With the city's water rates pegged for a 23 percent increase over the next three years, some local business owners and high-volume water users were already saying Thursday that those costs will be tough to swallow.
Gloucester's water rate, city officials have said, would jump from $8.75 to $10.75 per 1,000 gallons in three years as the city begins paying down around $25 million in water infrastructure projects.
How, exactly, the city will pay that off hasn't been decided yet. But city Chief Financial Officer Jeff Towne and Public Works Director Mike Hale have said that users can expect an increase of $2 per 1,000 gallons.
Some owners said Thursday they're concerned about the extra expense hampering their work, while others said they'd take the rates into account if they try to relocate.
"It doesn't bode well for the future of being able to manufacture ice on Cape Ann," said Scott Memhard, owner of Cape Pond Ice on Commercial Street.
When the city increases the water rate, it increases Memhard's raw materials costs. His company uses water for its product and the freezers that hold it.
The company sells ice for fishing vessels, cement companies, ice sculptures, and the familiar five-pound bag. As one of the city's heaviest water users, Cape Pond Ice took one of the hardest hits, along with Gorton's and Good Harbor Fillet, when the city endured a 22-day state-mandated boil water order in 2009.
Gloucester's water rate, Memhard said, makes it harder for him to compete with companies in other cities that have lower rates. Ice companies in New Bedford, he said, run on a water rate of less than $2 per 1,000 gallons.
While the rates already put him at a competitive disadvantage, he said, the infrastructure repairs will help.
Even with better infrastructure, he added, if the rates keep getting higher, it will become harder to business on Cape Ann.
"If we have to pay for our own water, it will effect how we move out or grow," said Bob Ryan of Ryan & Wood Distilleries.
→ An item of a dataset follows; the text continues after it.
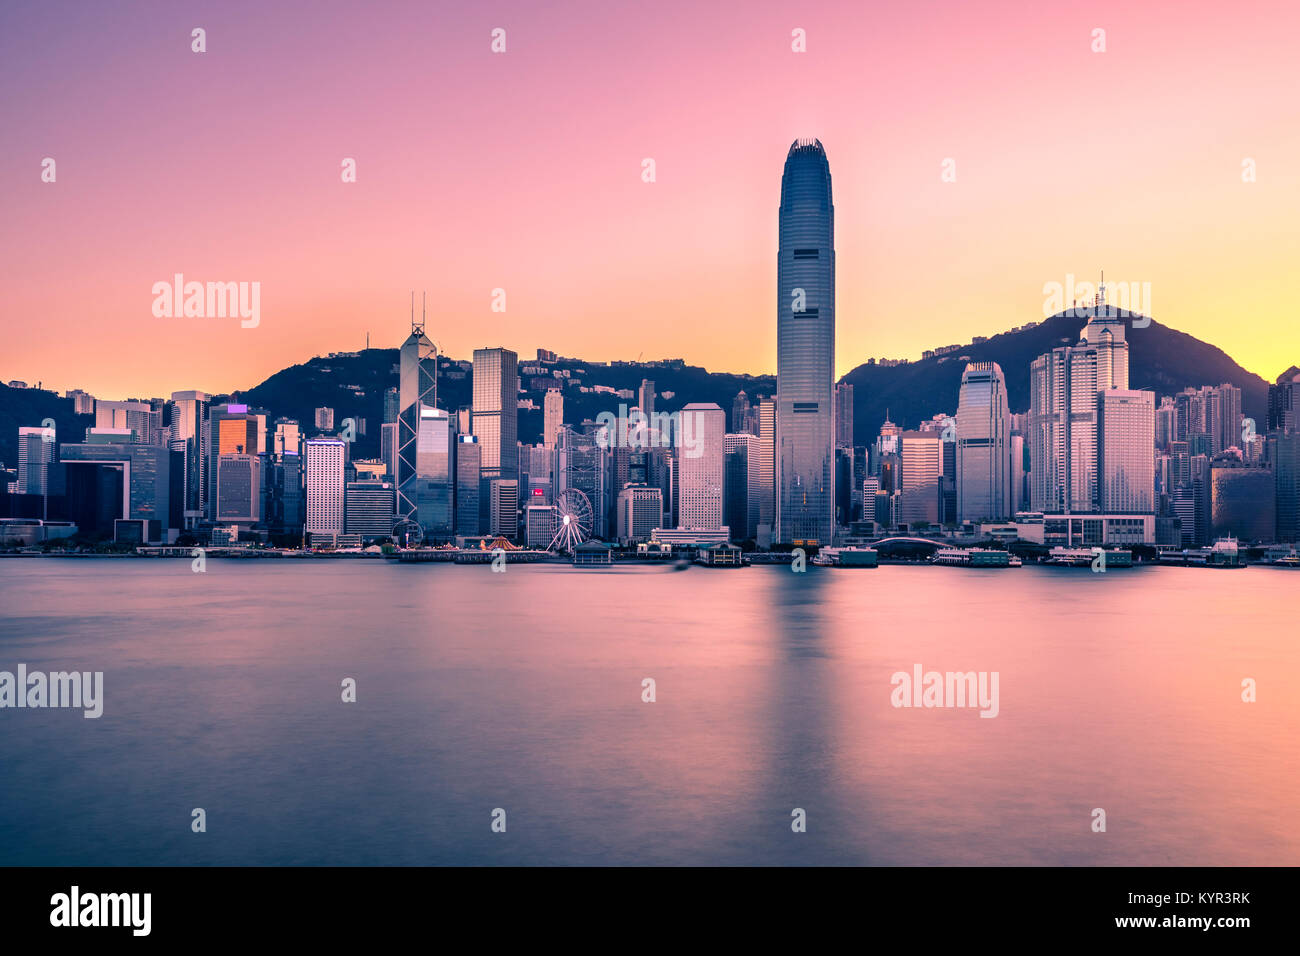 Victoria Harbor of Hong Kong at twilight Stock Photo

Ryan rents space in Blackburn Industrial Park, and the water bill is covered in the lease. He said his company uses about 350 gallons in a single distilling. If he wants to expand, or move downtown, the water rate will be part of his decision.
He also said, however, the infrastructure repairs are worth it if they prevent another incident like that in 2009.
Hale, the Public Works chief, said the city has finished two of four phases for water and sewer repairs. The first two phases, costing $10 million, followed the 2009 order. Those phases focused on renovating the Babson and West Gloucester water treatment plants.
The Department of Public Works finished the first part of the third phase last year; that part of the project focused on repairing water tanks and pumping stations last year, costing around $4 million.
The City Council, meanwhile, unanimously approved the second part of the Phase III project, a $9.3 million loan, on Tuesday night.
That money will pay for 20,000 feet of pipe replacement in the Commonwealth Avenue neighborhood, following National Grid's replacement of gas lines. It also pays for renovation of the Bond Hill and Blackburn storage tanks, and will cover replacing the Plumb Cove tanks. Phase III work will break ground in late March.
The $13 million repair project paves the way for Public Works to put in a second water line under the Annisquam River. That line would take pressure off the 100-year-old Spooner Tunnel that runs beneath the Blynman Bridge, and is targeted for Phase IV in the department's repairs.
"You've got to straighten that (the infrastructure) out," said Monte Rome, owner of Intershell Sea Foods on Commercial Street.
Rome added that the higher water rate will cause him some trouble; he said his company uses around 5,000 gallons of water each day.
"It's obviously important to have a reliable water service," said Memhard. "But if it's so expensive we can't afford to use it ... then it's not a very good prospect for the future."